The grape vine only bears grapes for the birds - she likes to grow food for them, and for the bees too, who dance on the umbrella flowers of fennel, coriander and parsley. So much will self seed this year, whilst she's gone - she expects decidedly unneat chaos - skinny fennel bulbs pushing up next to clumps of garlic, silverbeet and beetroot leaves having salad days with freckled lettuce. She must tell the housesitters to let it grow this way - how devastating it would be not to have a suprise of kale or an other haunting of unidentified brassicas.
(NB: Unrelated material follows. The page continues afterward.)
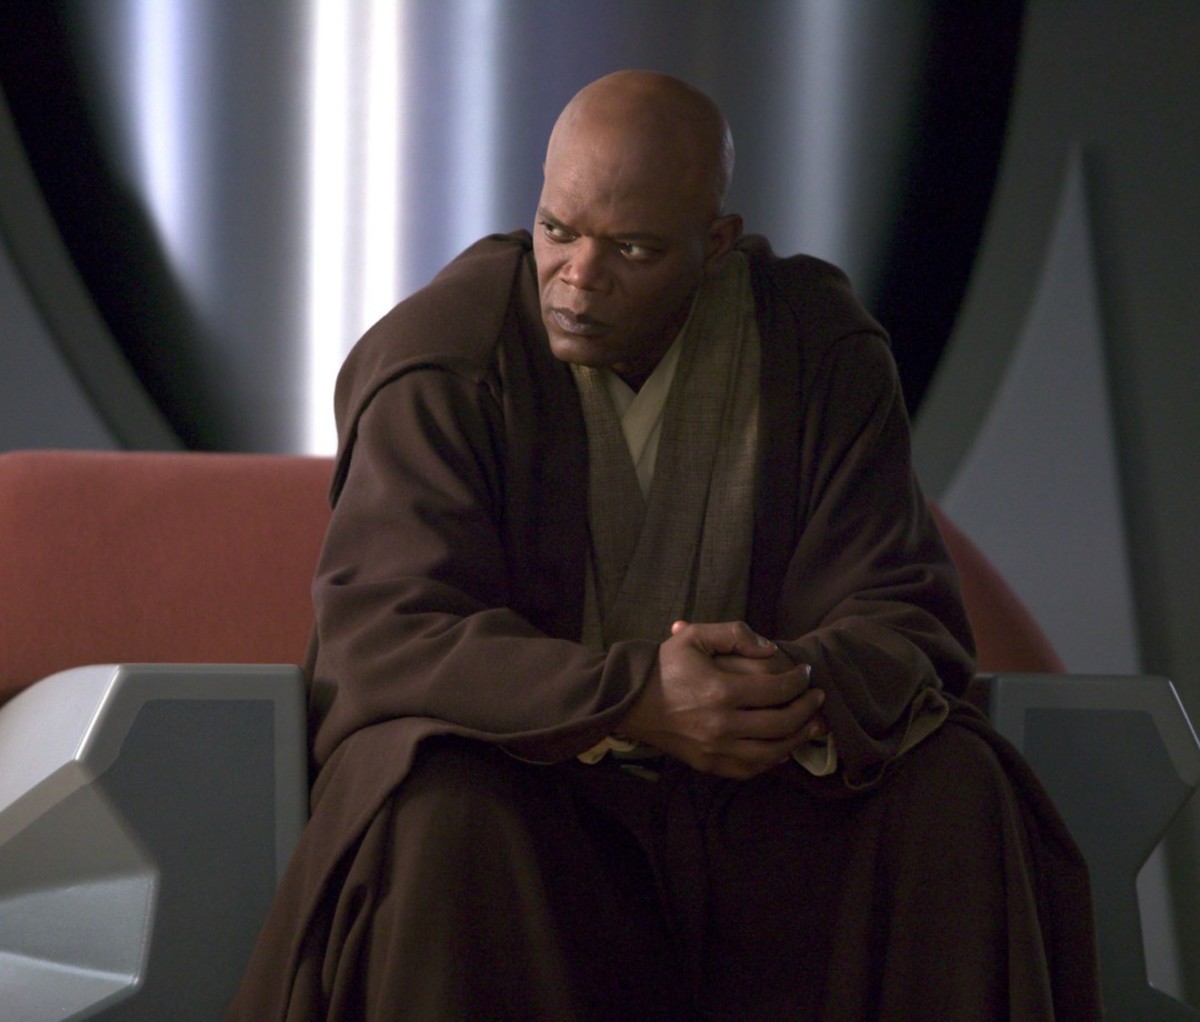 Samuel L. Jackson in Star Wars Episode III - Revenge Of The Sith - 2005

It does not matter, she supposes. Things will grow or die. Perhaps a machete will be needed to cut through the jungle, perhaps the weeds will need to be dug out, perhaps the hands will need to get dirty again, the soil working it's way into the crevasses of fingerprint whorls, the bacteria, the ants biting, the sun bearing down it's heart breaking light as the kookaburras and the shy white goshawk are surprised when she returns again.
And maybe even the yukon she planted will survive, and the horseradish too. Somethings need tending, and some don't. Things will go on despite her absence. She thinks of what an exciting adventure coming back might be.
This post is in response to the monthly garden challenge hosted by @simplymike. Anyone can join in - it's a real delight to see what is happening in other people's gardens. I'm leaving mine for eight months whilst I travel, but I'll try to support the tag perhaps by featuring the gardens I visit whilst away!